Все последующие дни и вечера целиком были посвящены неустанным, но, увы, бесплодным поискам художника. Тщетно бороздила женщина Милочерский парк и прочёсывала окрестные пляжи, как часовой вышагивала по знакомой до каждого камня дороге к острову Святого Стефана. Напрасно бродила по Будве и заглядывала в лица художников, рассеянных по её подворотням и площадям. Старик как в воду канул.
Как-то раз, совсем отчаявшись, Вика возвращалась домой. Было поздно. Славянский пляж светлел вдалеке, смыкаясь с невидимой кромкой воды. Ветер яростно трепал кроны сосен. У поворота к тоннелю она столкнулась с тем, кого так долго искала. Художник медленно брёл ей навстречу, усталый и замерзший, изменив привычке вечно торопиться и убегать. Вике стало всё равно – поймет ли её старик, как отреагирует на чужое любопытство и что скажет в ответ. Она больше не страшилась ни его разноцветных глаз, ни фатального дарования, ни противоречивой молвы, окружавшей странного бродягу.
– Здравствуйте, пан Зоран! – храбро произнесла женщина, поравнявшись со стариком.
Тот удивлённо вскинул лохматые брови:
– Добро вече!
– Вы меня извините, – зачастила Вика, – не могли бы уделить мне несколько минут? Я только хотела спросить...
– Можно, – перебил её художник, извлекая из памяти запылившийся запас русских слов.
Они присели на скамейку.
– Вас все считают художником-ясновидцем. Вы меняете погоду, предсказываете судьбы, управляете событиями...
– Ну-ну, – прервал старик, – кто-то, может, так и считает – только всё это пустое. Просто я много пожил на свете и вижу вещи, которые другим незаметны, – художник откинулся на спинку скамьи. – Годами я наблюдал природу и знаю многие её хитрости. Говорят, я меняю погоду – но нет, я всего лишь её угадываю.
– Но я своими глазами видела, как вы утихомирили пьяницу возле Стефана, – Вика густо покраснела.
– А-а-а, Здравко... – старик сокрушённо покачал головой, – да, он часто там буянит. Заблудился совсем парень... но ничего, он не опасен – пошумит-пошумит – да и уходит к себе восвояси.
– Что – каждый раз одной и той же дорогой уходит?
– Да, каждый раз.
– Ладно. А как же тогда ребёнок? – Вика была в отчаянии – таинства рассыпались на глазах.
– Какой ребёнок? – притворился художник.
– Больной мальчик с турбазы. Ведь это вы его успокоили три дня назад на пляже?
– Да что ты, что ты! – замахал руками старик, – это мать его успокоила. Она очень старалась. И очень желала этого.
– Пан Зоран, я следила за вами. Я видела, что сначала появилась картина, а уж потом мальчик заснул на самом деле, – в ход был пущен главный аргумент.
Художник на минуту задумался.
– Тут нет никакого волшебства. Если тебе хочется считать это чудом – пожалуйста! Но знай, что чудо сотворила та женщина, мать – своей любовью, терпением и верой... Я же всего лишь твёрдо знал, что так оно и произойдёт. Раньше или позже, но обязательно произойдёт... Да, я нарисовал спящего мальчика. Но только потому, что это было неизбежно! Просто так совпало.
«Ну что, разобралась? Так тебе и надо!» – ругала себя Вика – «Господи, как можно быть такой наивной? Ведь не девочка уже, а всё туда же... Сказку ей подавай... Тайну...»
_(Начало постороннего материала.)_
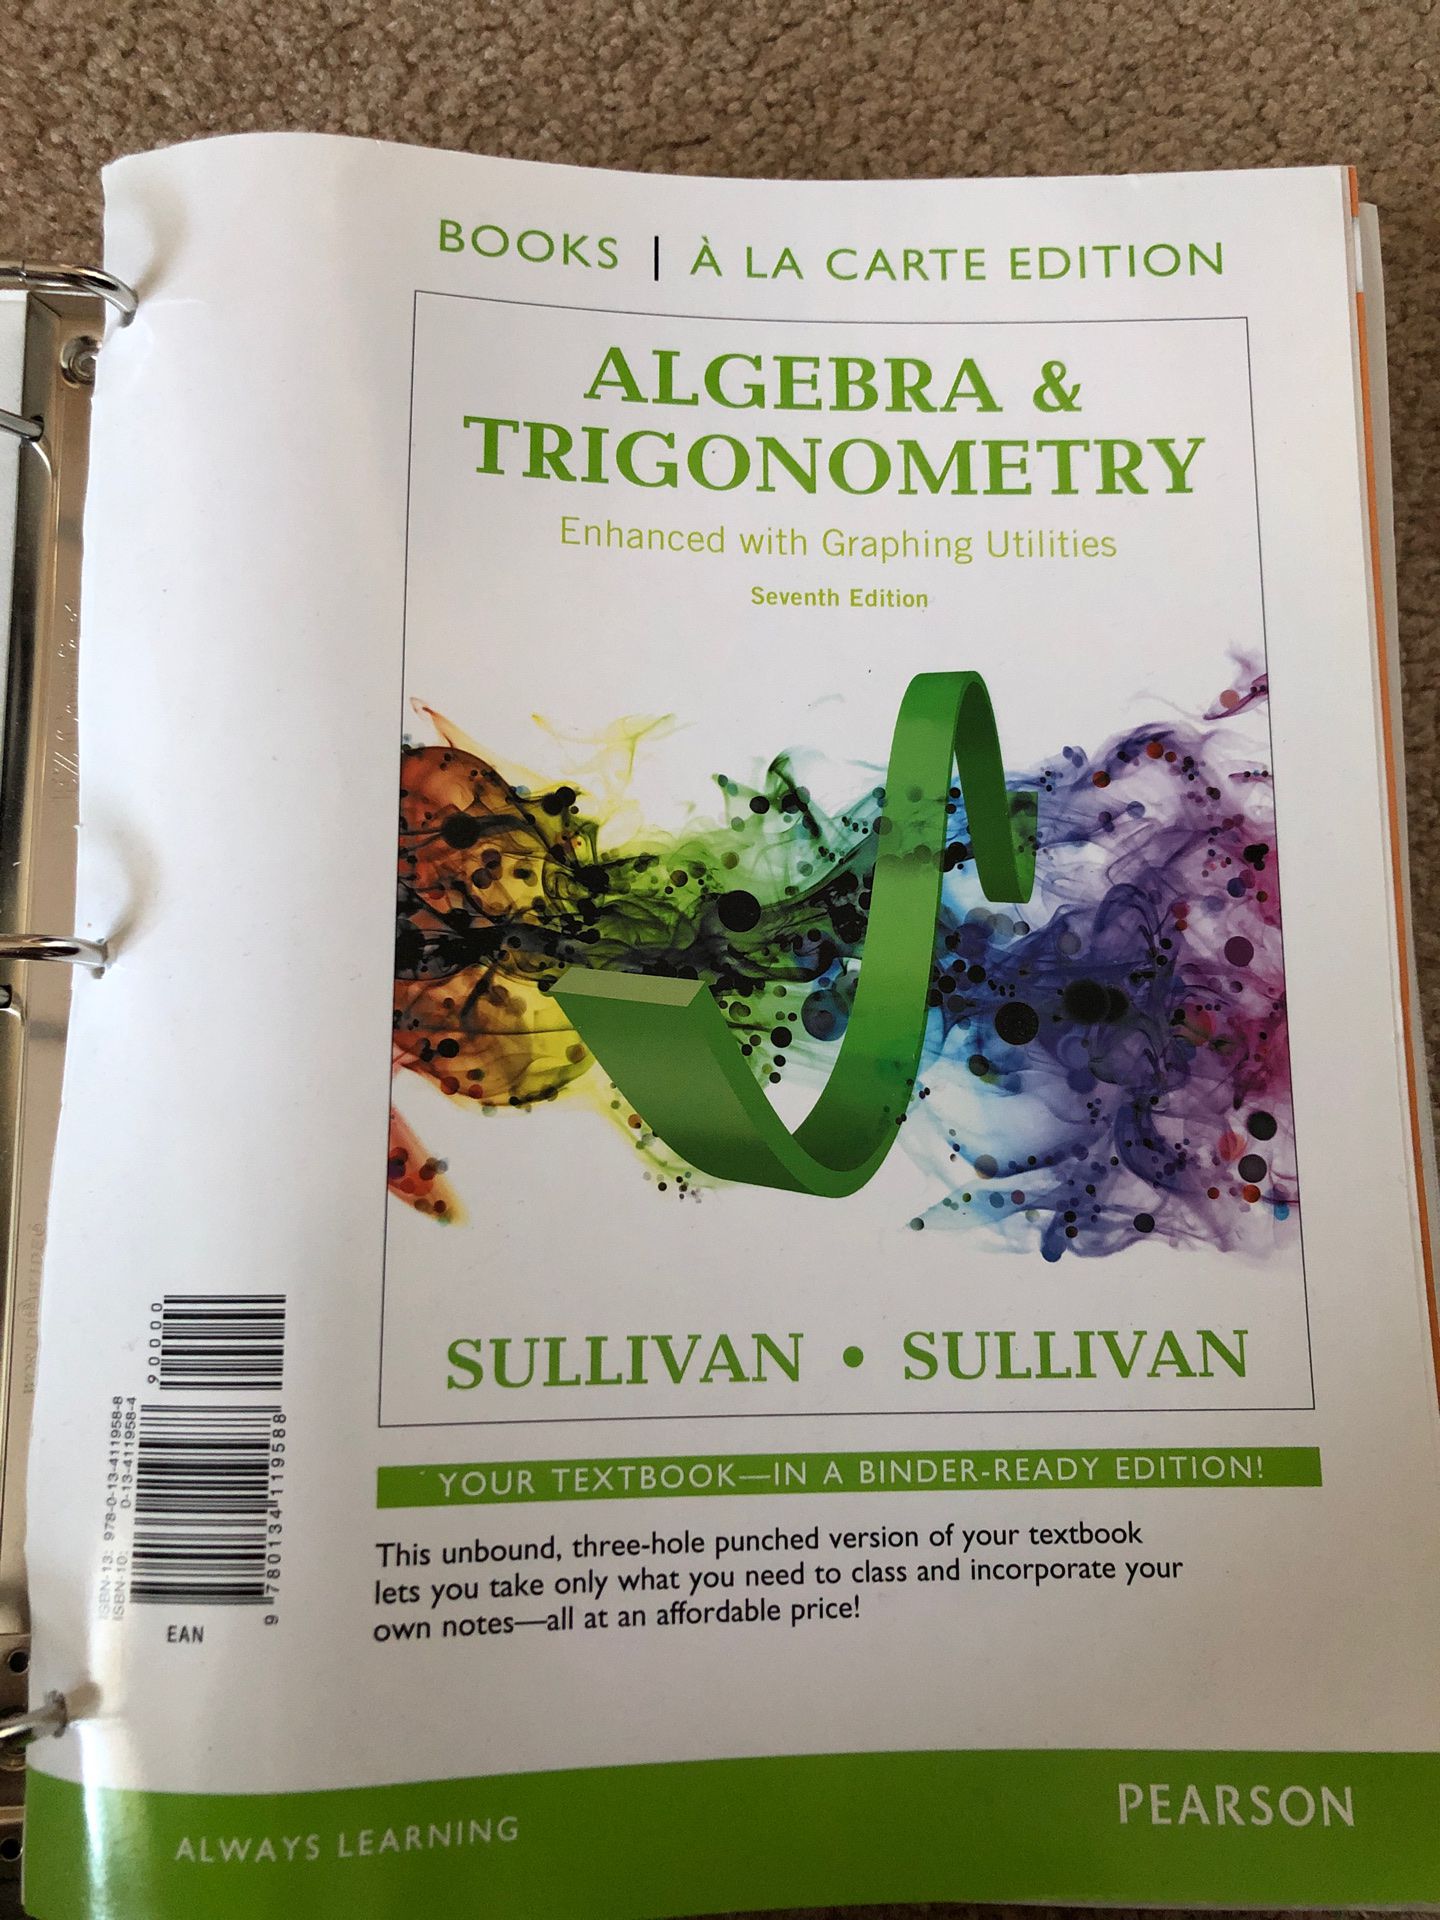 Algebra & Trigonometry 7th edition • SULLIVAN

– А где вы живёте? – спросила женщина в слабой надежде хоть здесь услышать заминку, различить тень оберегаемого стариком секрета.
– Недалеко, в Бечичи, – бесхитростно ответил художник, – мой дом – на самом краю улицы, возле часовни. Там ещё флюгер корабликом.
Всё. Загадок больше не осталось. Лишь детская горечь от прощания с развенчанной сказкой. Что ж, завтра Вика вернётся домой, окунётся в реальность, возвратится к насущным взрослым делам и забудет о придуманной тайне, о таинственном старике-волшебнике и глупой своей мечте.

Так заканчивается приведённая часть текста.